Sorry for the time this is taking, I'm not able to reproduce the issue and that makes things harder. I'm not sure if these rules can be deleted directly in the database, there are probably a lot of foreign keys preventing this
dm-ion
commented
2 years ago Hey @gtoison I just tried your patch on SQ 9.1 on a test server, got around the issue with booting.
The error I had previously was: org.sonar.server.exceptions.BadRequestException: Rule was removed: findsecbugs:XSS_JSP_PRINT
gtoison
commented
2 years ago Hello @dm-ion thanks a lot for testing and reporting back, it's great news that the patch fixes the issue for SQ 9.1 !

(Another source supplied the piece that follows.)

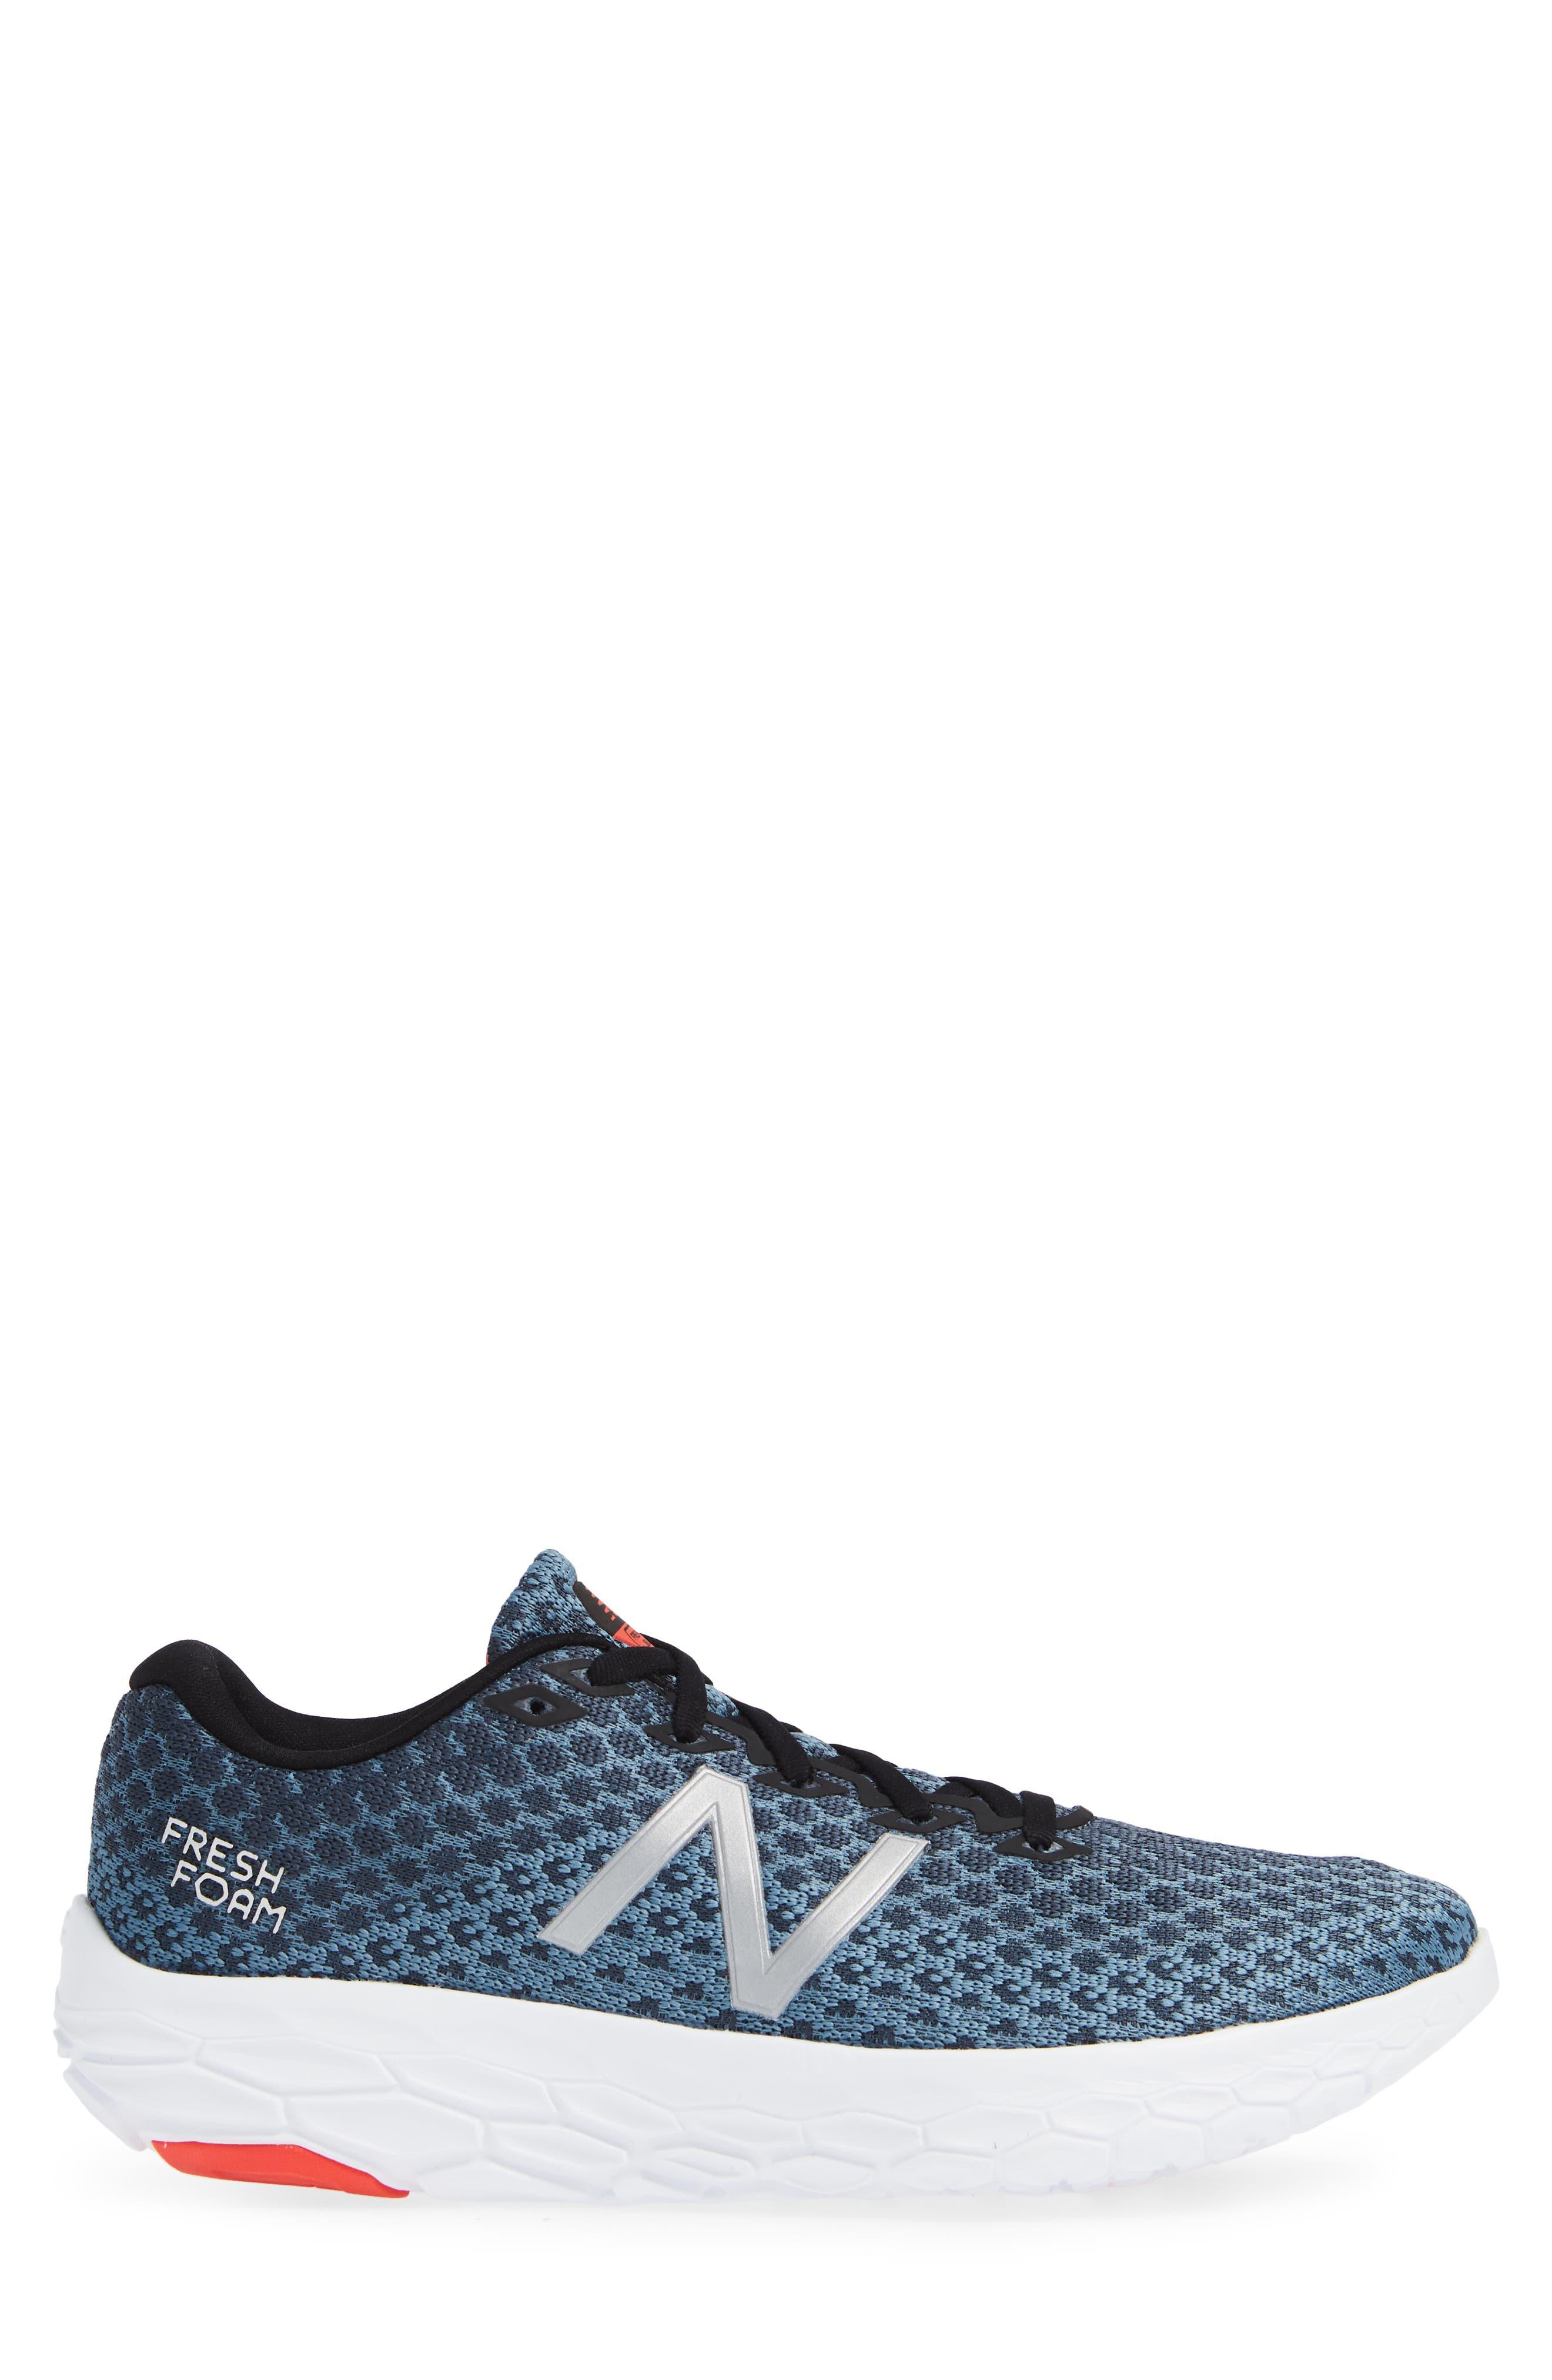 Fresh Foam Beacon Running Shoe,                             Alternate thumbnail 3, color,                             PETROL

If someone affected by the issue and using SQ 8.9 could also test https://github.com/gtoison/sonar-findbugs/releases/tag/4.0.4.3 that would be great
sephiroth-j
commented
2 years ago Hello @gtoison , the plugin from https://github.com/gtoison/sonar-findbugs/releases/tag/4.0.4.3 works with SQ 8.9 - no startup errors! :) Just a side note: the displayed version of the plugin is "4.0.4.2" instead of "4.0.4.3".

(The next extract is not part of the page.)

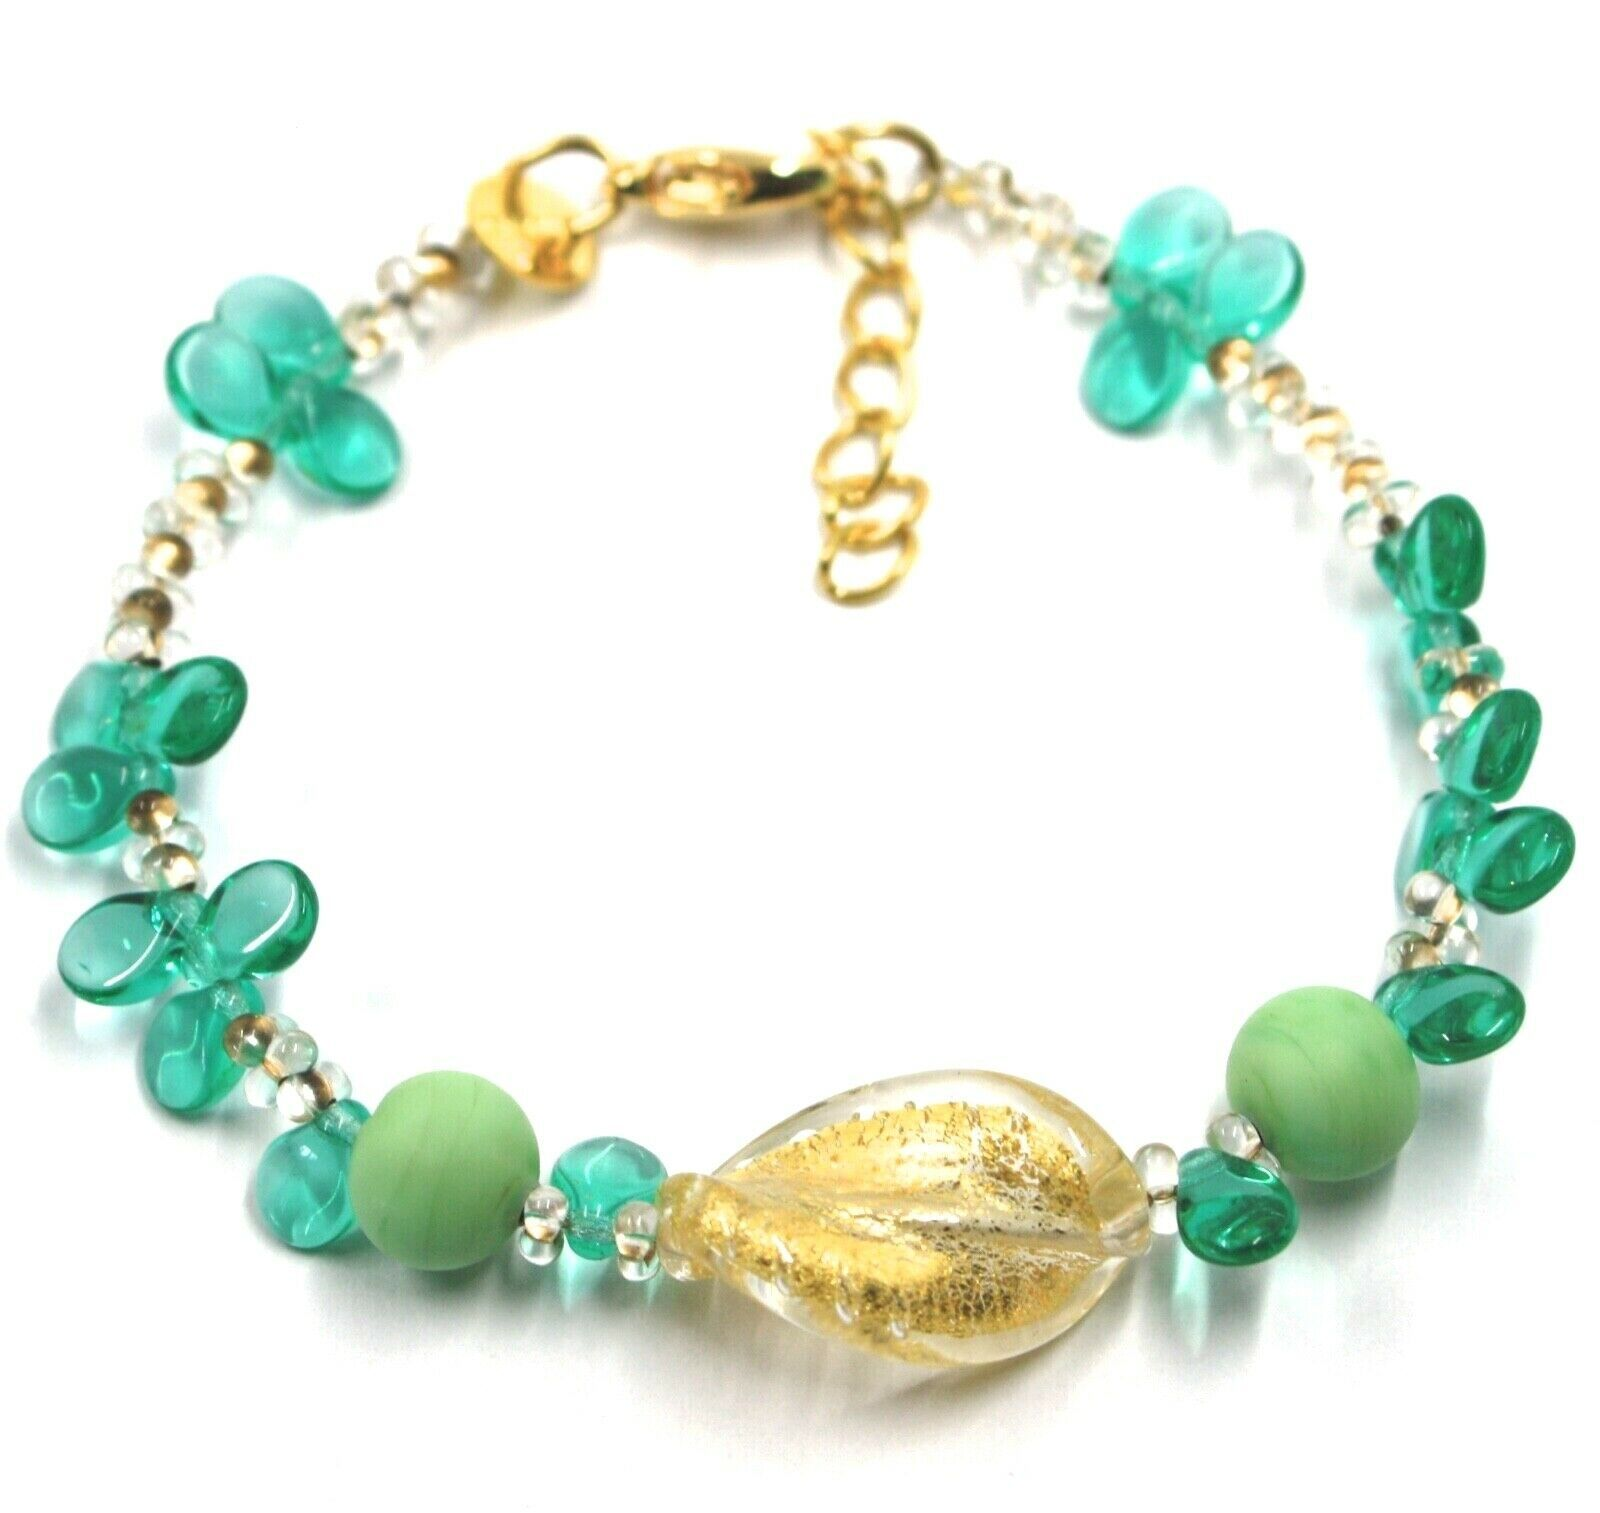 BRACELET PETALS DROPS, SATIN SPHERE SPIRAL WAVE YELLOW GREEN MURANO GLASS ITALY

Rules XSS_JSP_PRINT and XSS_REQUEST_PARAMETER_TO_JSP_WRITER are now located in the findsecbugs-jsp repository.
gtoison
commented
2 years ago Hello @sephiroth-j Thank you for testing and confirming that the patch solves the issue for SQ 8.9 too. I will work with the SpotBugs team to make a proper release. This might take some time though because the current maintainer is very busy.
gtoison
commented
2 years ago Reopening the issue until there's a proper release of the fix
gtoison
commented
2 years ago We have released version 4.0.5 with a fix for this bug: https://github.com/spotbugs/sonar-findbugs/releases/tag/4.0.5 It was submitted to the marketplace but not accepted yet (there seem to be a backlog for accepting new releases of plugins).
I'm updating our SonarQube installation from 7.9.5 (sonar-findbugs-plugin-3.11.1.jar) -> 8.9.2 (sonar-findbugs-plugin-4.0.4.jar) When i add the sonar-findbugs-plugin-4.0.4.jar, i get an exception on startup and SonarQube stops. When i remove the plugin, SonarQube works as expected.